The Padilla case involved an immigrant, Jose Padilla, who pleaded guilty in state court to drug-related offenses. Id. at 1477-78. His attorney failed to advise him that as a result of that guilty plea, he would likely be deported from the United States. Id. at 1478. Faced with deportation, Padilla challenged his state conviction, alleging ineffective assistance of counsel. Id. The Supreme Court held that Padilla satisfied the first prong of Strickland—his attorney‘s performance was objectively unreasonable—and it held for the first time that “counsel must inform her client whether his plea carries a risk of deportation.” Id. at 1482-83, 1486.
Indeed, Padilla is rife with indications that the Supreme Court meant to limit its scope to the context of deportation only. The Court repeatedly underscored the severity of deportation before deciding that an attorney must always inform his client of that unique risk. Id. at 1480-81, 1486. While recognizing the importance of the Sixth Amendment right to counsel generally, the court also stressed “the seriousness of deportation as a consequence of a criminal plea, and the concomitant impact of deportation on families living lawfully in this country” as a rationale for the rule. Id. at 1486.
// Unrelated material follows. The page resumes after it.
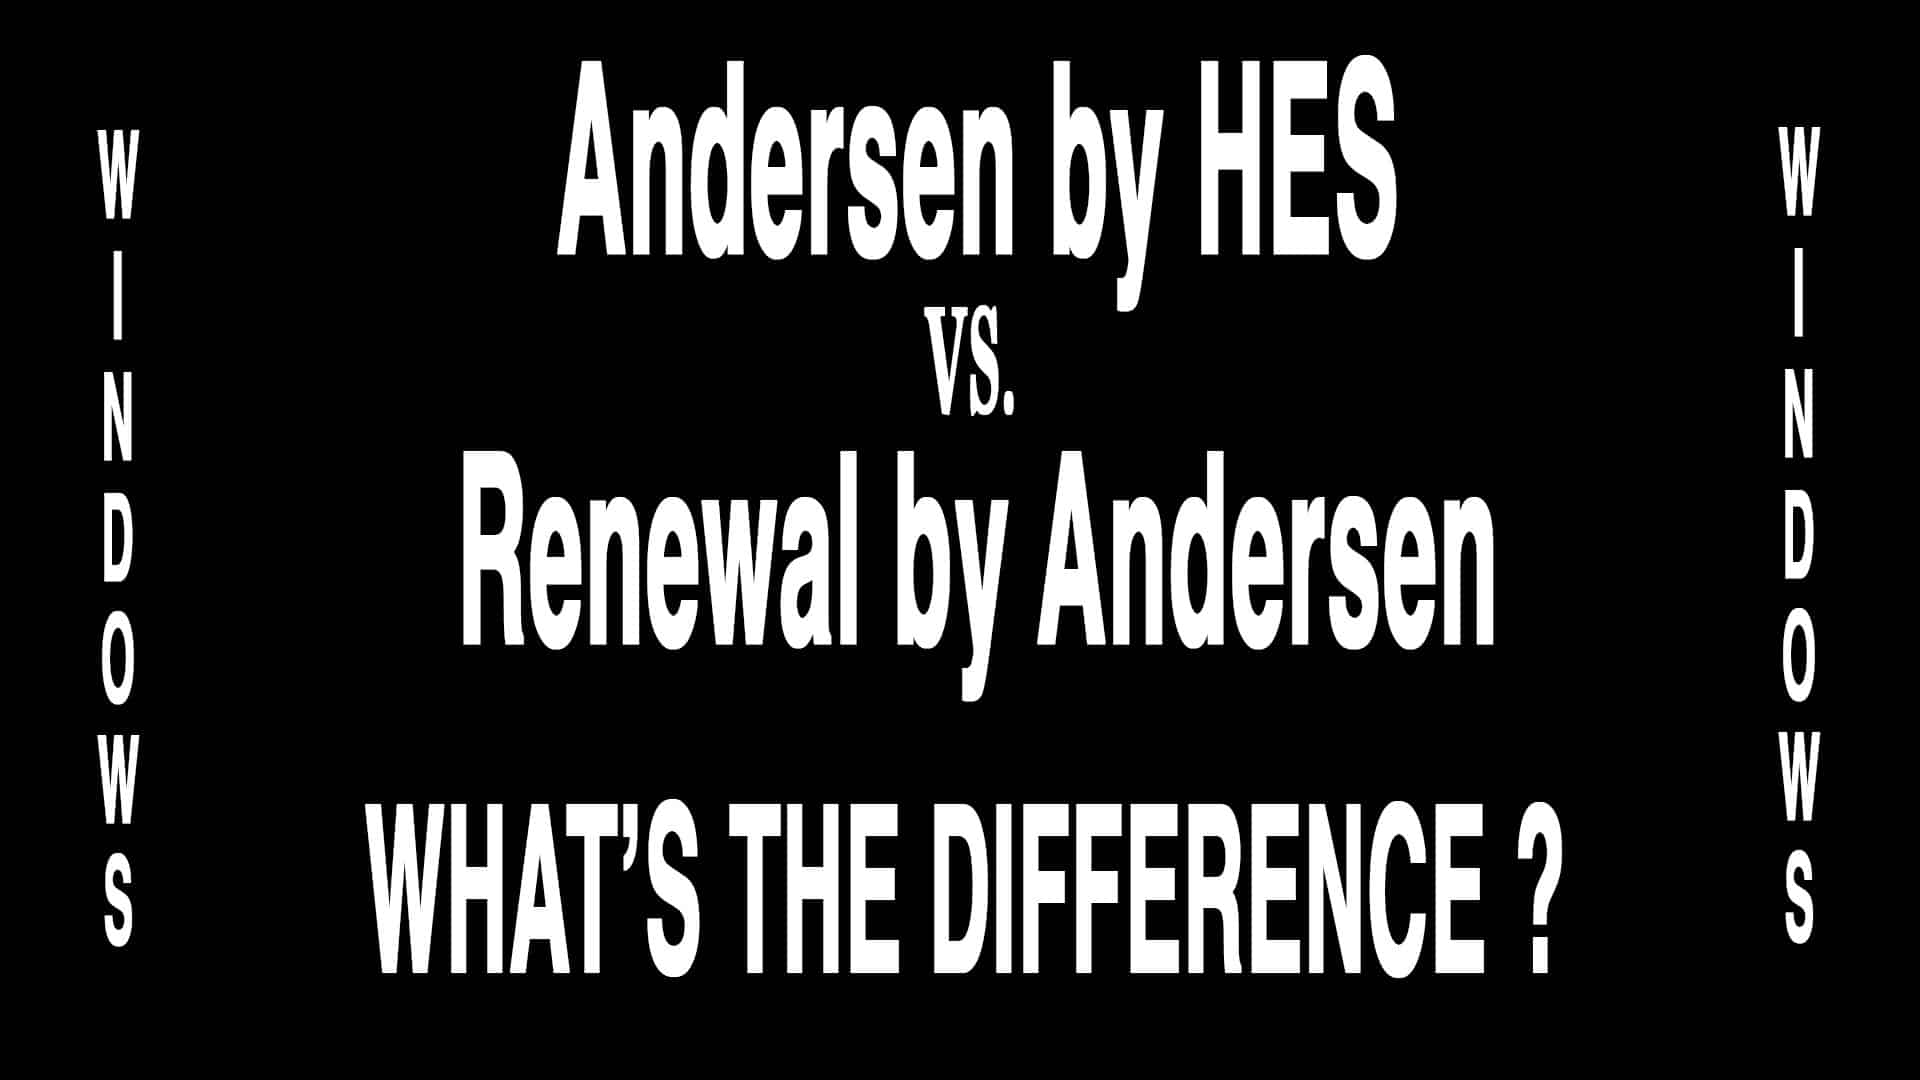 Renewal by Andersen vs Anderson by HES

In this case, we deal not with deportation, but with the possibility of an enhanced sentence for future criminal conduct. This court already ruled on this exact issue in Lewis v. United States, 902 F.2d 576 (7th Cir.1990), although in Lewis, we relied partially on a prior case involving deportation that is now overruled by Padilla. See Lewis, 902 F.2d at 577 (citing Santos v. Kolb, 880 F.2d 941 (7th Cir.1989), overruled by Padilla v. Kentucky, 559 U.S. 356 (2010)). Nevertheless, because of the limited scope of Padilla (discussed above), our conclusion about future punishment in Lewis remains sound. As we noted, “deportation is a consequence of this [the instant] conviction; enhancement depends on the defendant‘s deciding to commit future crimes.” 902 F.2d at 577 (emphasis in original). Put simply, there is no automatic consequence to the guilty plea in this case. Any risk present at the time Reeves pleaded guilty in state court in 2004 was entirely contingent on his deciding to commit more crime in the future.
We pause for a moment to consider the absurd ramifications of the rule that Reeves asks us to create. Using Padilla as a springboard, we would be forced to hold that counsel has a constitutional duty to advise the client as to how he might best continue his criminal activity while minimizing his risk of future punishment. This would not only represent unattractive public policy, it finds no support in precedent. The Supreme Court created a rule in Padilla specific to the risk of deportation, and we see no justification for extending that to the realm of future criminal sentence enhancements.
We thus find that it was not unreasonable under Strickland for Reeves’ attorney in the 2004 proceedings to fail to advise his client that a guilty plea could result in a later sentencing enhancement
III. CONCLUSION
For the aforementioned reasons, we AFFIRM the district court‘s sentence.